(DATASET EXCERPT begins)
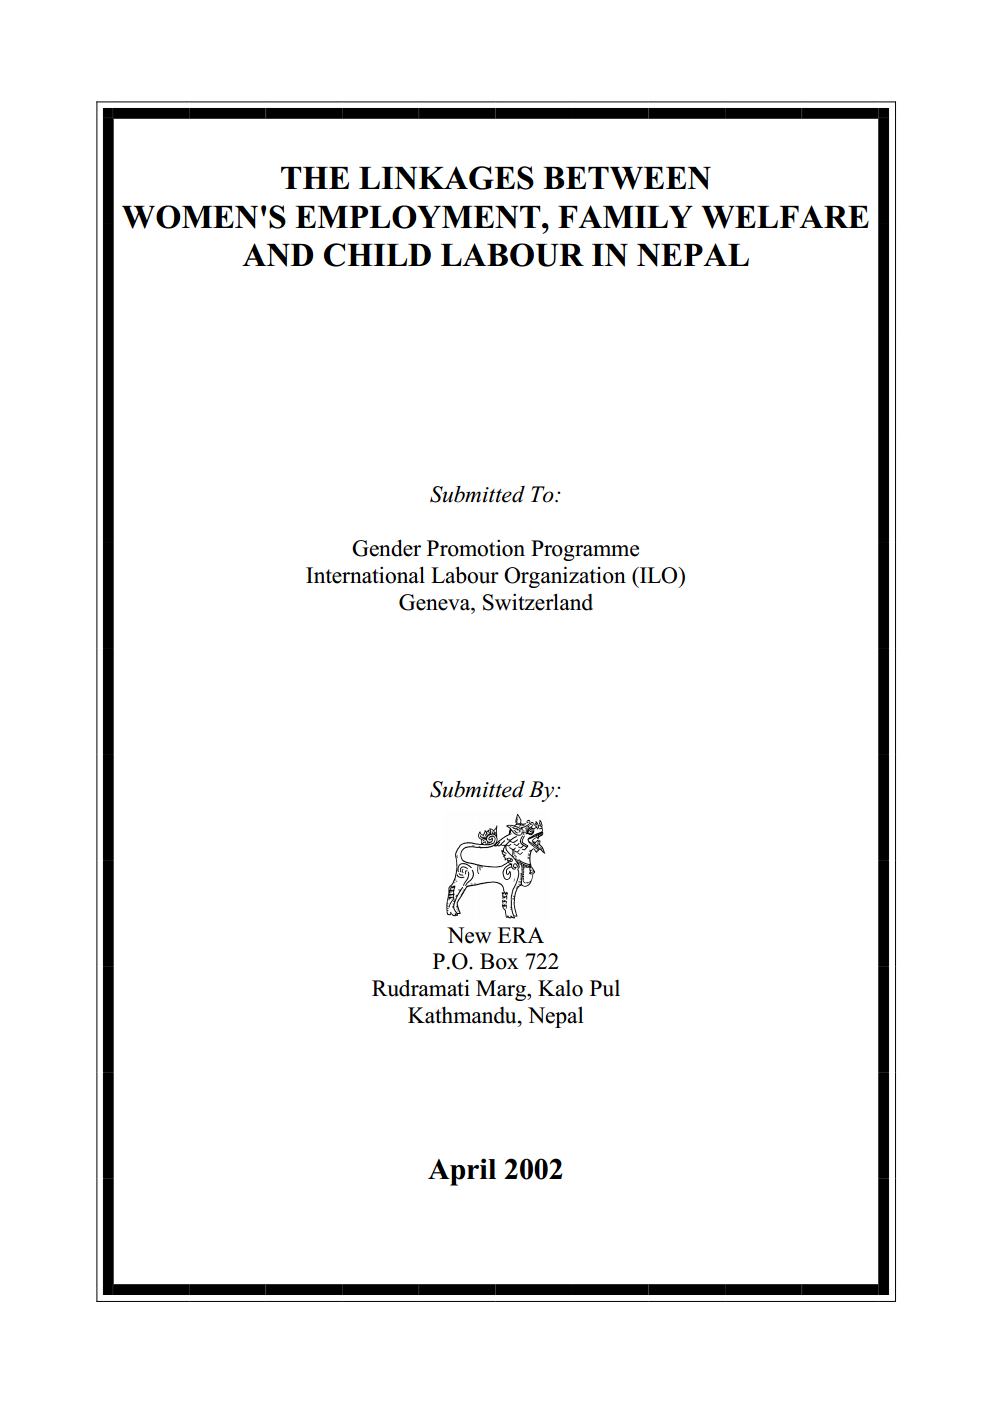 The Linkage between Women’s Employment, Family Welfare and Child Labour in Nepal
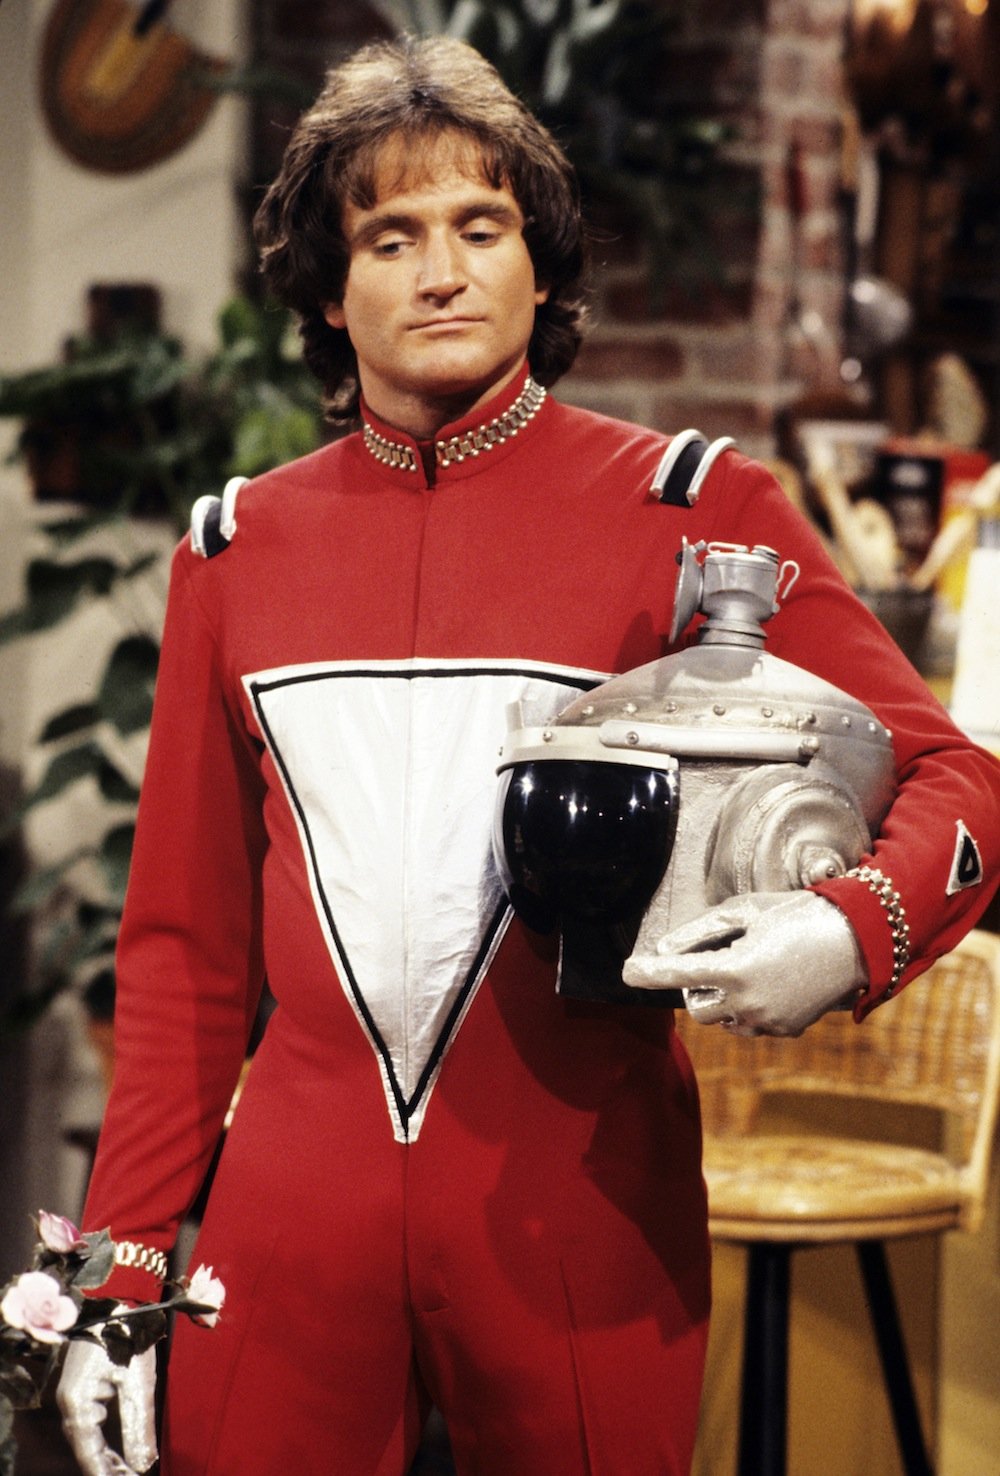 inspired helmet from mork and mindy and the other limits Modelos de
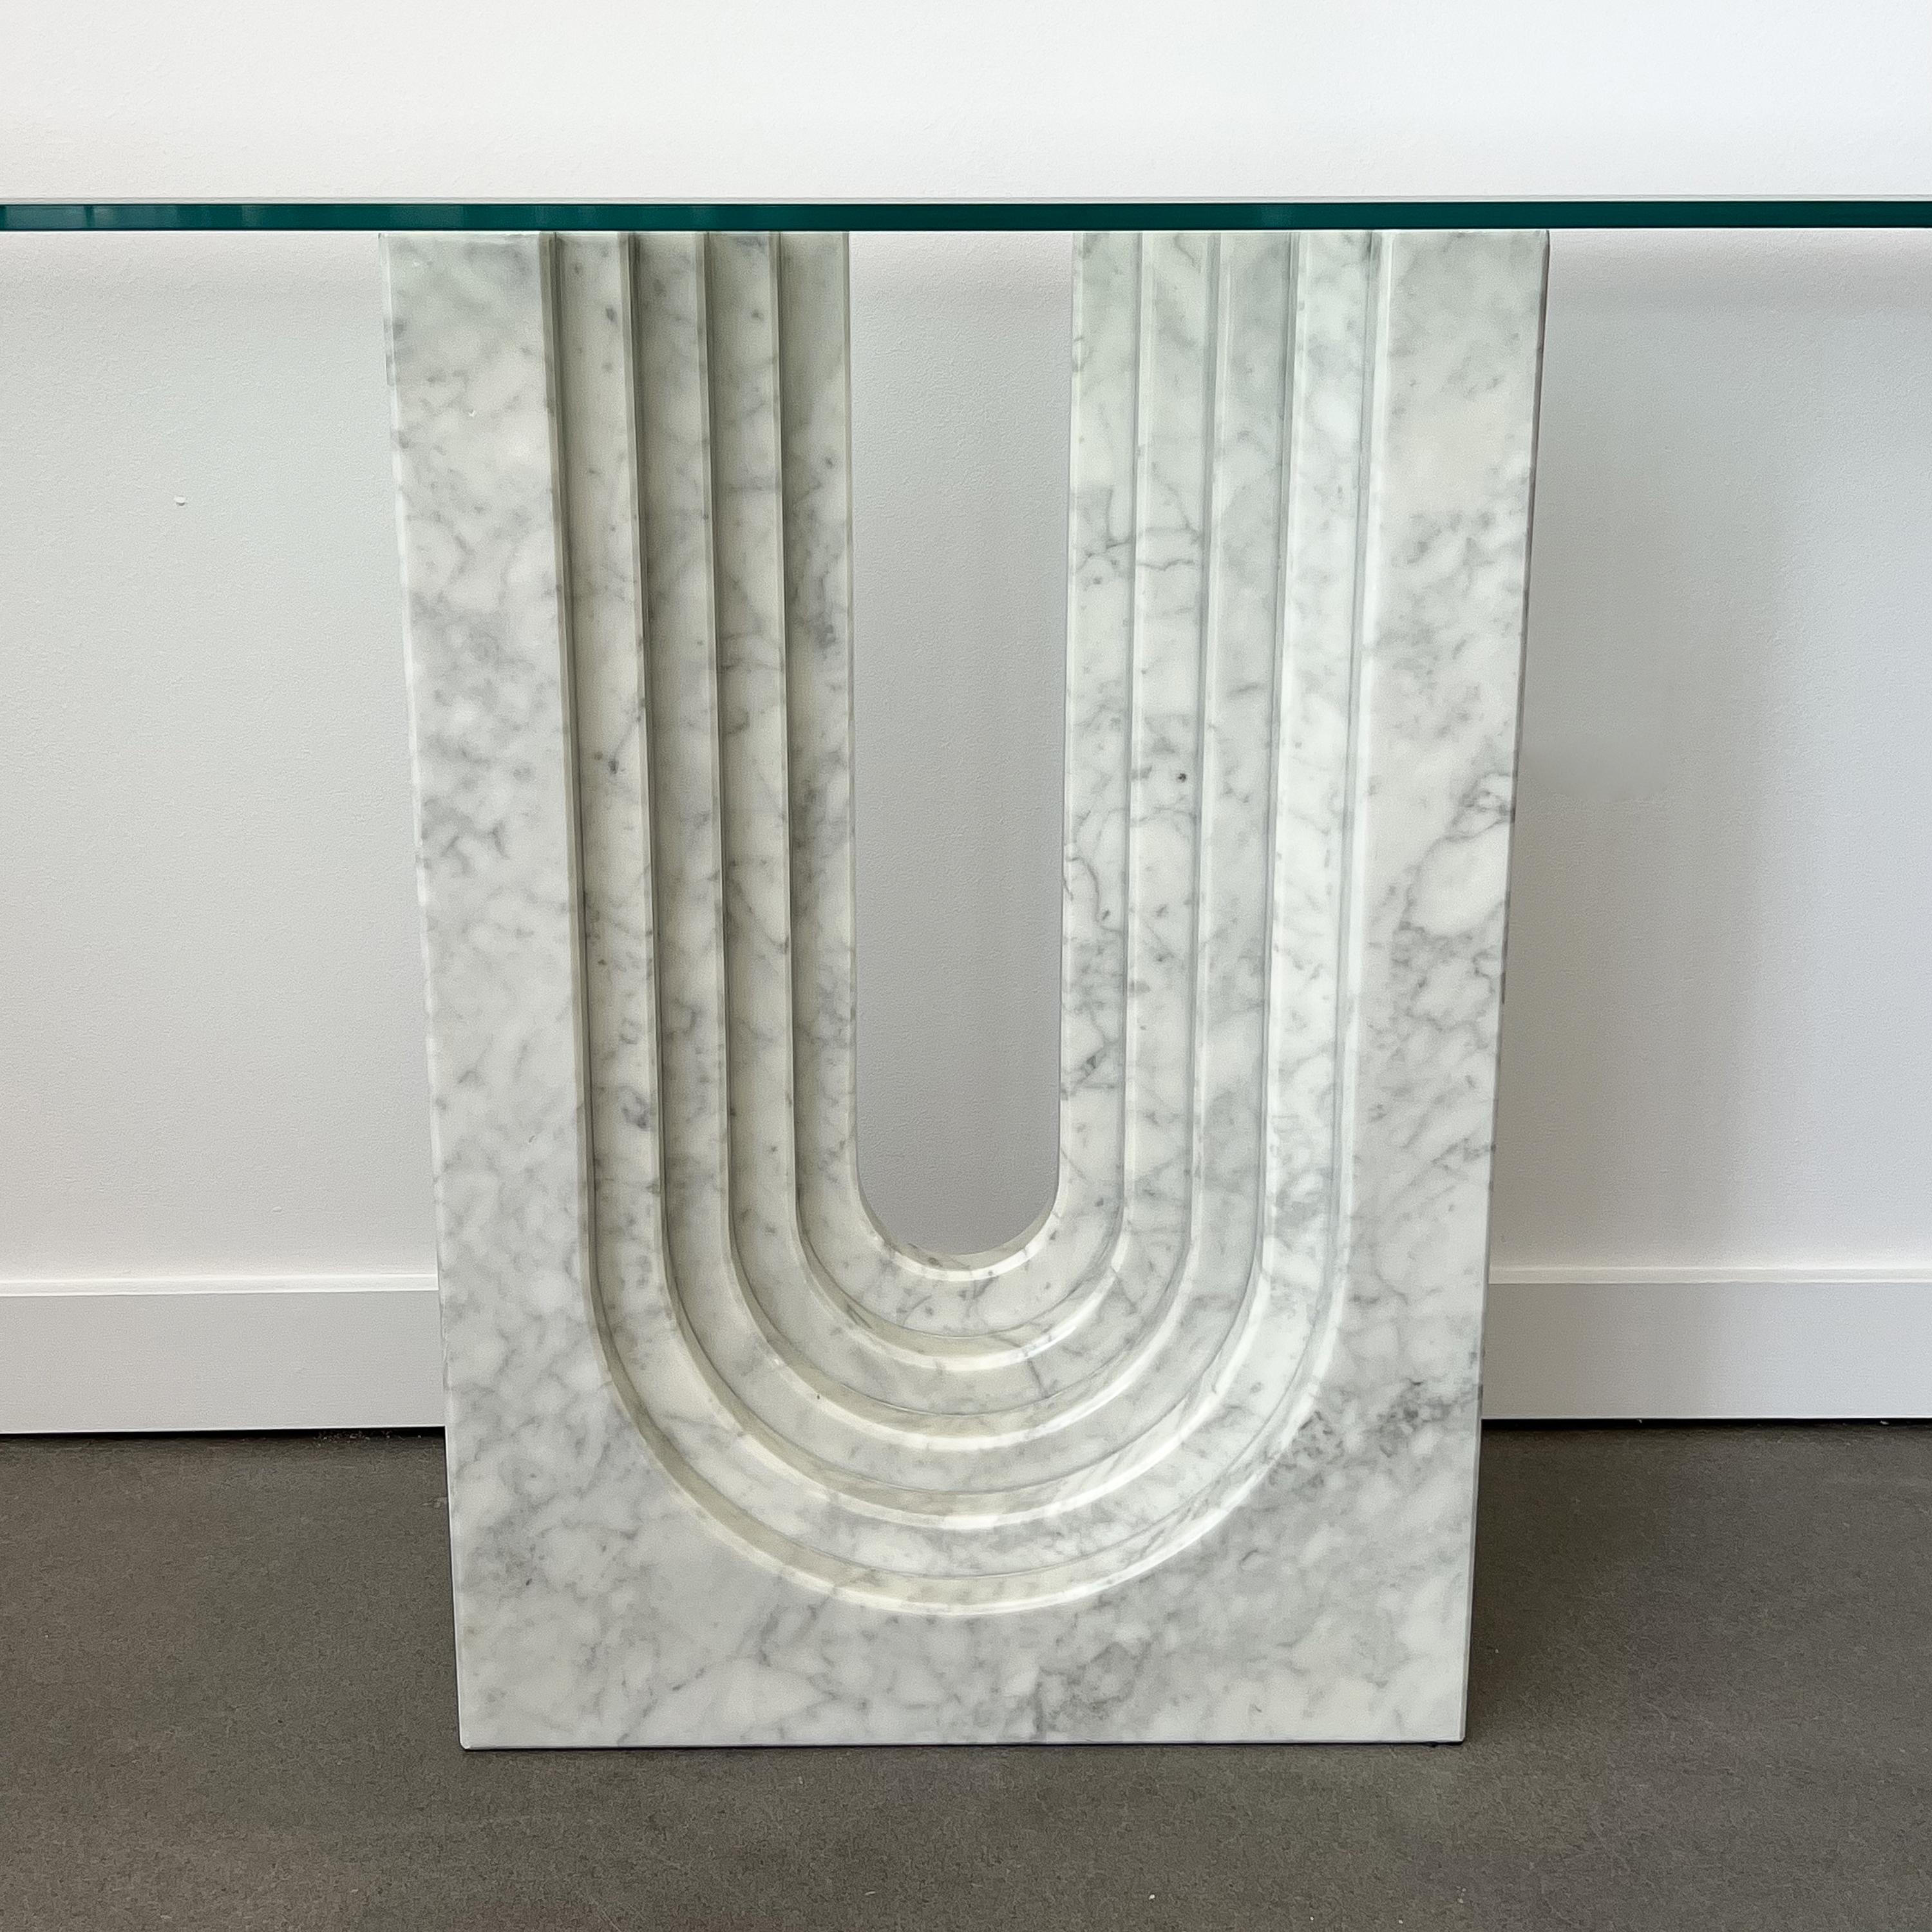 Carrara Marble Carlo Scarpa Modern Marble and Glass Console Table for Cattelan Italia
(DATASET EXCERPT ends)
§ **WORK REQUEST**: Please restate the data word for word, leaving out any picture it holds.

§ **RESULT**:
 The Linkage between Women’s Employment, Family Welfare and Child Labour in Nepal
 inspired helmet from mork and mindy and the other limits Modelos de
 Carrara Marble Carlo Scarpa Modern Marble and Glass Console Table for Cattelan Italia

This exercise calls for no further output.